Profils de mouvement trapézoïdal dans WPILib

Note

Cet article couvre la génération de profils de mouvement trapézoïdaux. Une documentation plus détaillée décrivant les concepts impliqués est à venir.

Note

Pour un guide sur la mise en œuvre de la classe TrapezoidProfile dans le cadre du command-based framework voir Profilage de mouvement via TrapezoidProfileSubsystems et TrapezoidProfileCommands.

Note

Lorsque la classe TrapezoidProfile est utilisée seule, elle est mieux servie quand elle est pairée avec un contrôleur de type « intelligent » (tel qu’un contrôleur de moteur avec une fonctionnalité PID intégrée).
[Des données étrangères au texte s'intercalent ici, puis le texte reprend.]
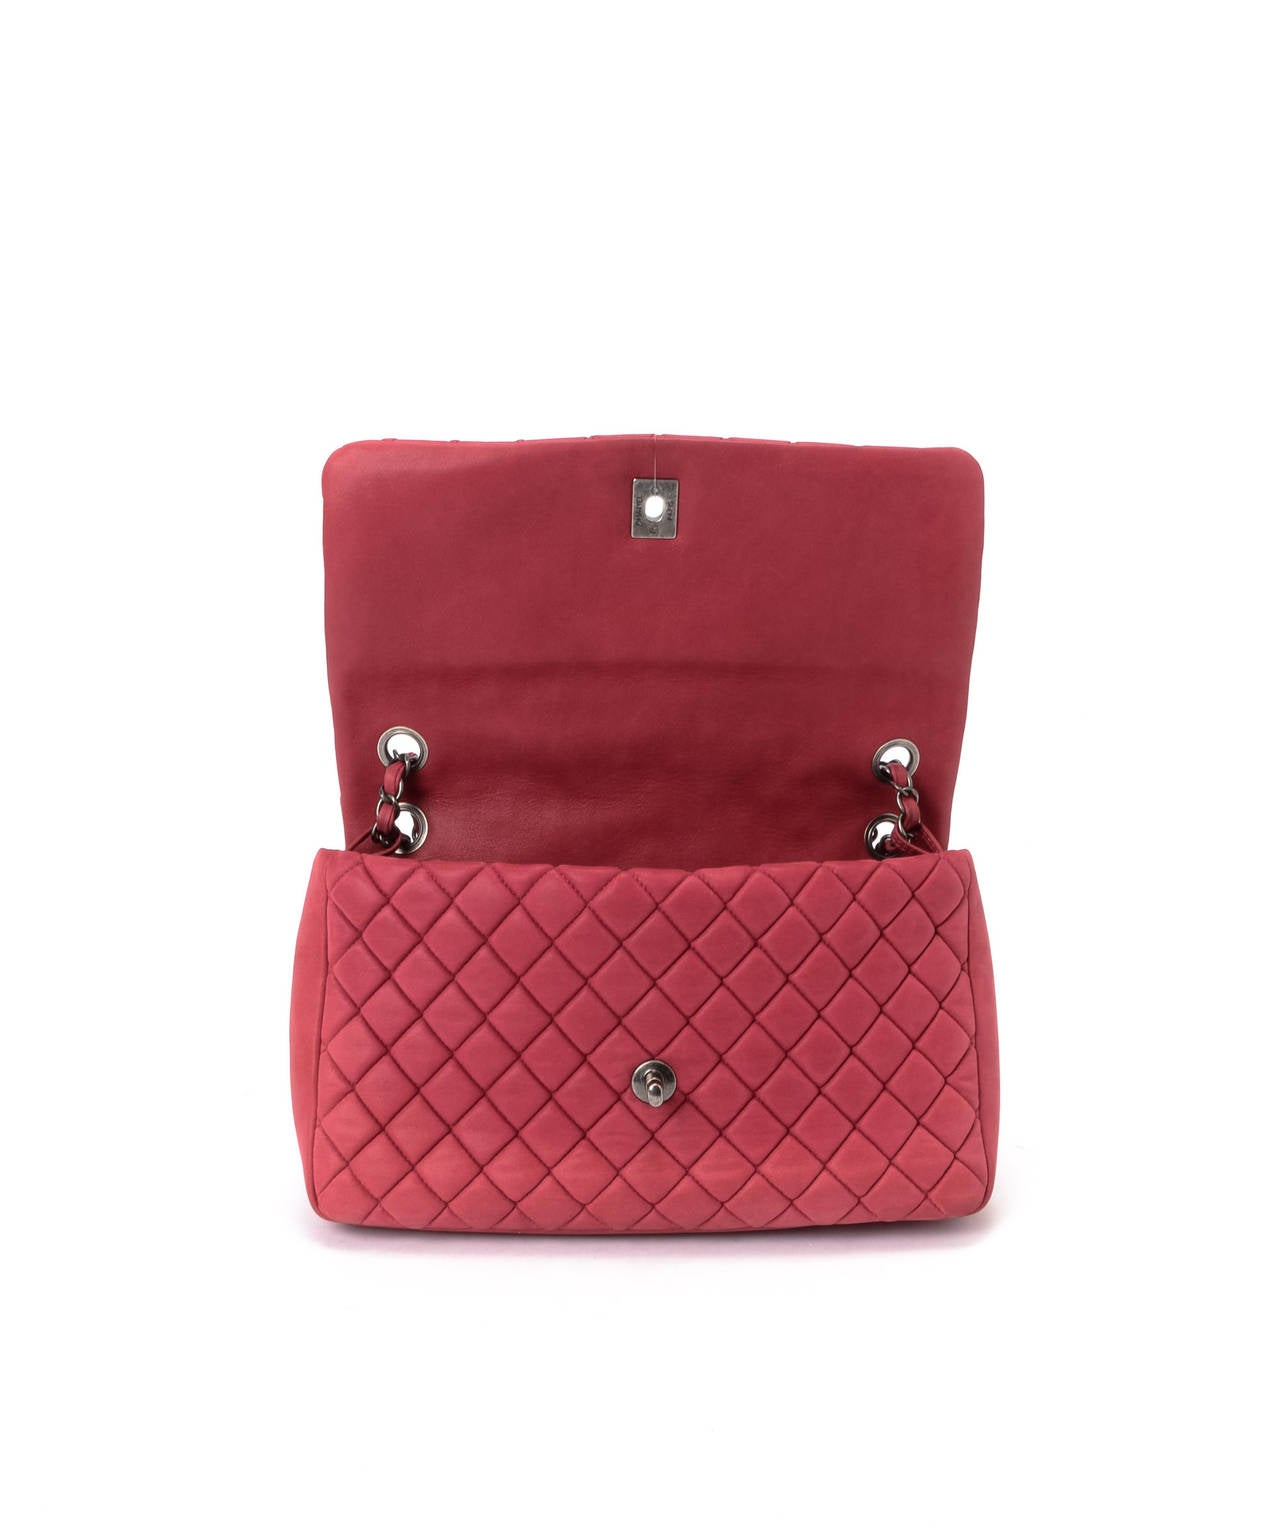 Chanel Bubble Flap Bag 2
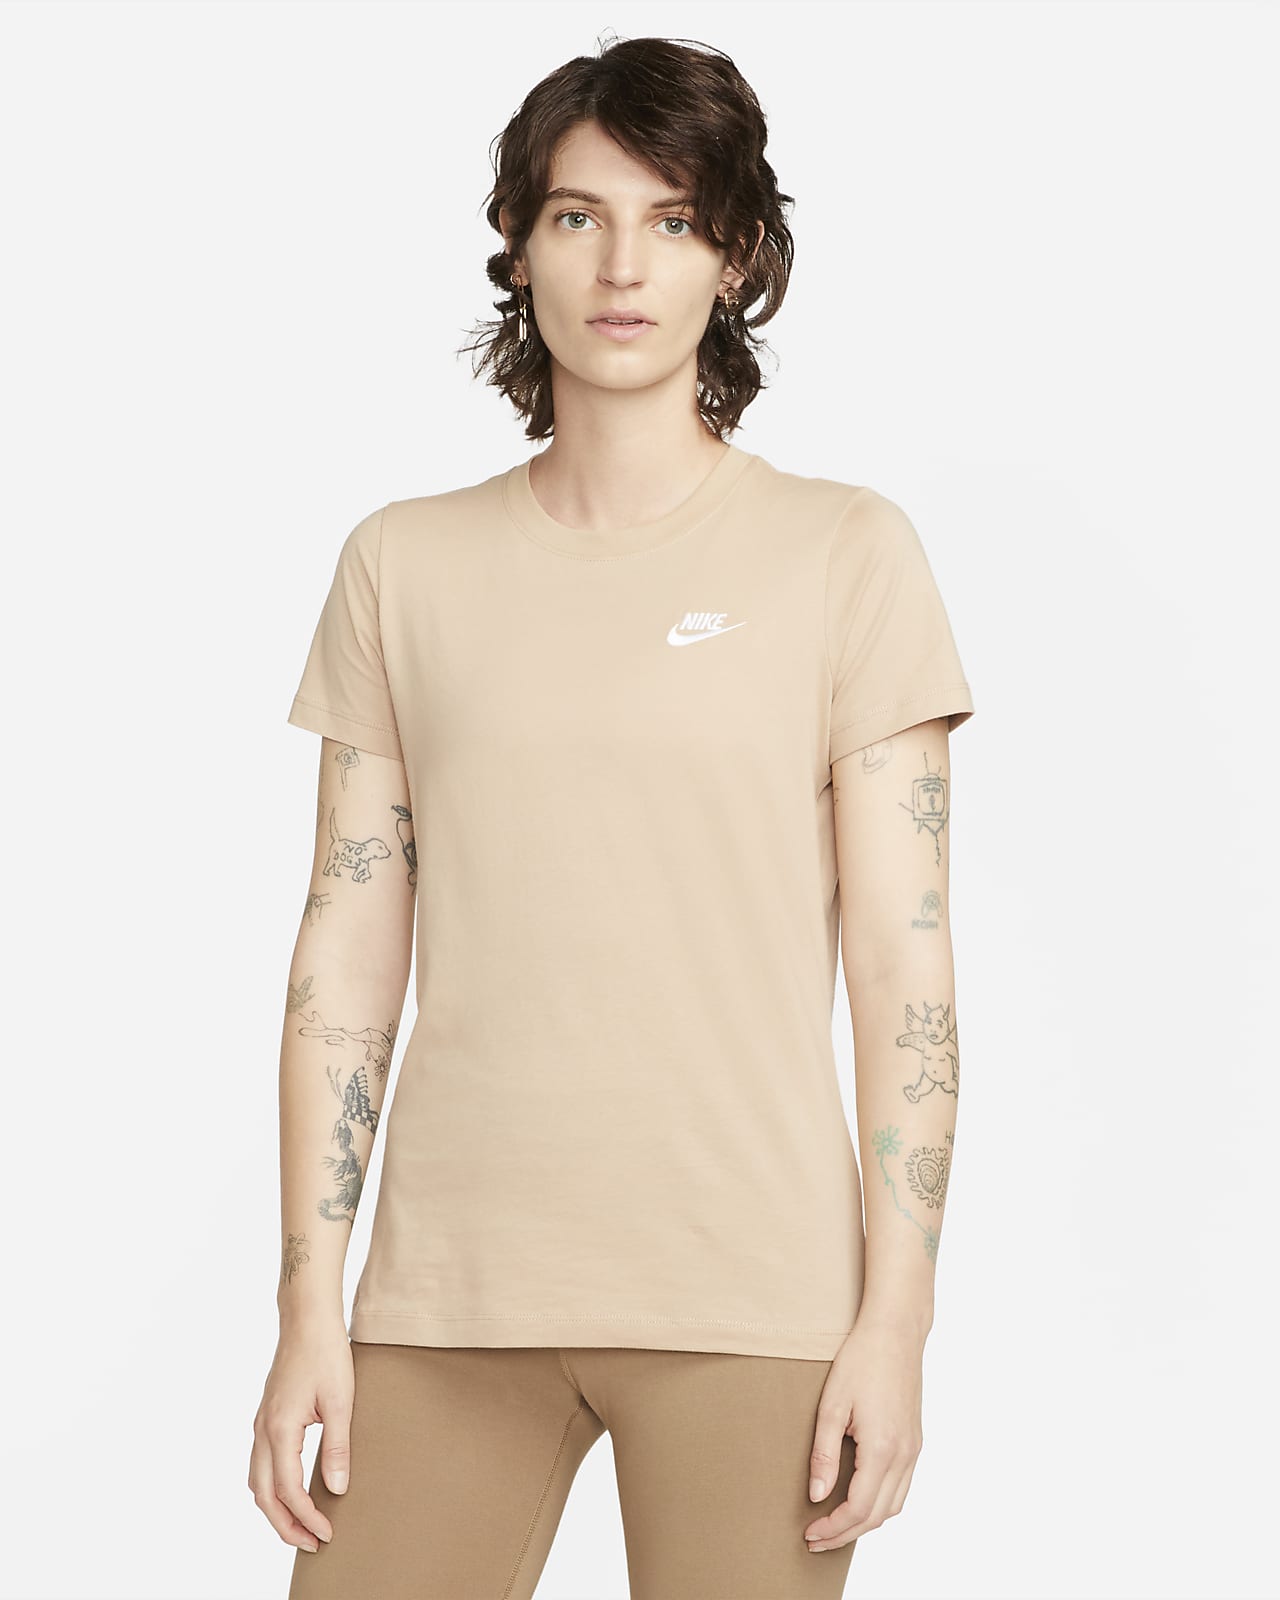 Sportswear Tops & T-Shirts. Nike CA

Pour l’intégrer à la classe PIDController de WPILib, voir Combinaison du profilage de mouvement et du contrôle PID avec ProfiledPIDController.

Bien que le contrôle par anticipation (Feedforward) et la rétroaction offrent des moyens pratiques d’atteindre un point de consigne donné, nous sommes souvent confrontés au problème de la génération de points de consigne pour nos mécanismes. Bien que l’approche naïve de commander immédiatement un mécanisme à son état souhaité puisse fonctionner, elle est souvent sous-optimale. Pour améliorer la gestion de nos mécanismes, nous voulons commander ces derniers en suivant une séquence de points de consigne qui interpolent en douceur la transition entre son état actuel et son état cible souhaité.

To help users do this, WPILib provides a TrapezoidProfile class (Java, C++, Python).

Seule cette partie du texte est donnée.